Sunday, December 4, 2011

Crystal and Tibetan Bowl Concert: A Sound Massage

I spent Thanksgiving some years back in Sedona, Arizona and, while it was incredibly beautiful and the hiking was great, it was a bit "crystal-ly" for my taste. So you might be surprised to hear that I was excited about spending an evening at the Yoga Sanctuary listening to Robert Austin play his "healing" bowls. But with my "changes in latitudes, changes in attitudes," I couldn't resist checking out his performance with its promise of an experience of "a deep state of relaxation, mental clarity and restored energy."

When I arrived at the Yoga Sanctuary, it felt like a cross between a yoga session and a slumber party. Most people were sitting or lying on yoga mats with bolsters, blankets, and pillows (some of which had been brought from home!)
Austin was set up at the front of the room with his bowls, a Buddha and some candles, and his mother Jennie was seated at a xylophone off to the side. Austin, a retired corporate chef who turned in his mixing bowls for healing bowls, began the evening with a short talk about the "language of the bowls." The concert would start with the crystal bowls, which emit a "high, angelic vibration" that is used to clear the negative energy in the room. He would then move on to the Tibetan bowls, which are the healers. He explained that Tibetan bowls can be placed on and around your body and be played to return your body to a state of harmony.
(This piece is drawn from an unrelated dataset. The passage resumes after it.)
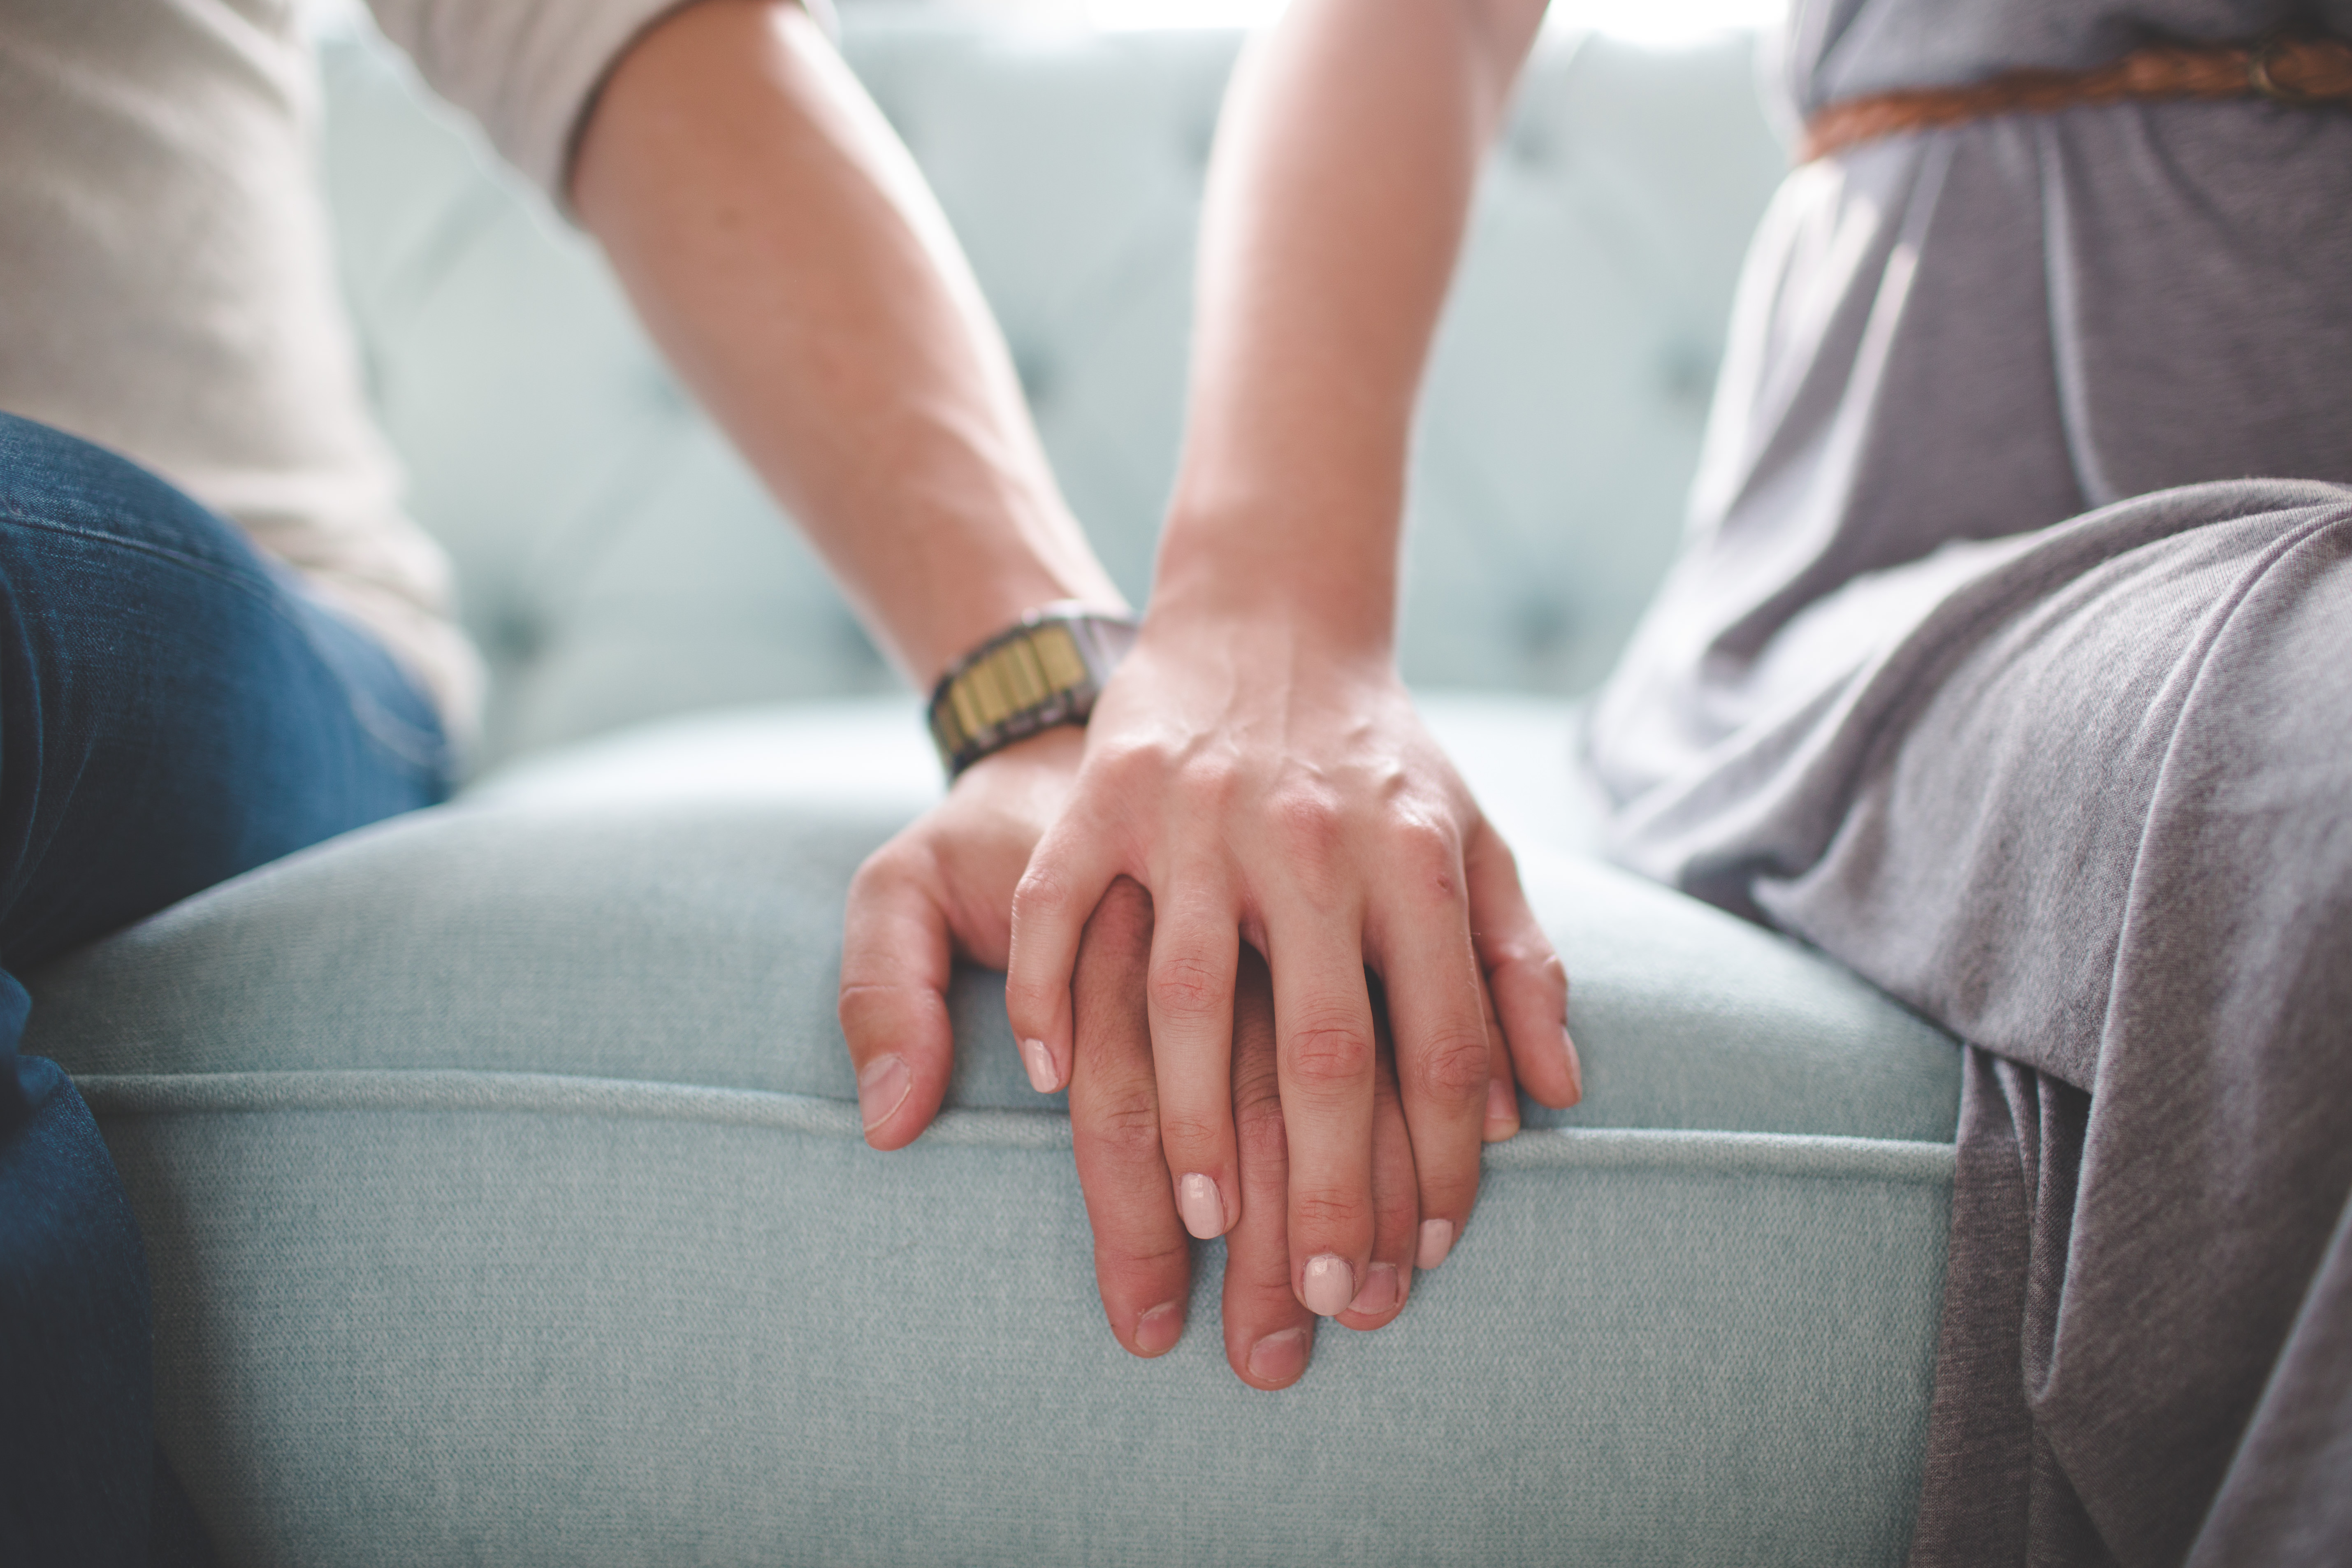 A married couple holding hands | Source: Getty Images

The harmonic tones of the bowls are apparently stronger than any pain that the body can hold onto. Austin interjected humor into the description of what the evening held for us so I didn't feel too much like I had somehow stumbled into the twilight zone. He then dimmed the lights and encouraged us to get into comfortable positions so we could let the bowls perform their magic.

I'll admit to a healthy dose of skepticism, but I laid down on my mat and tried to open myself up for the experience. When Austin started playing, I can only describe the sounds as ethereal and shimmering. Austin primarily used cushioned mallets of different sizes to strike and stroke the bowls but he also used a bow (like what is used to play the violin) and his own voice. (I generally liked the chanting but when he "sang" in a low voice directly into a Tibetan bowl the sound was a bit creepy.)
He also incorporated little cymbals and what looked to be Native American rainsticks (the sound of which was incredibly relaxing.) Mom Jennie periodically played her xylophone.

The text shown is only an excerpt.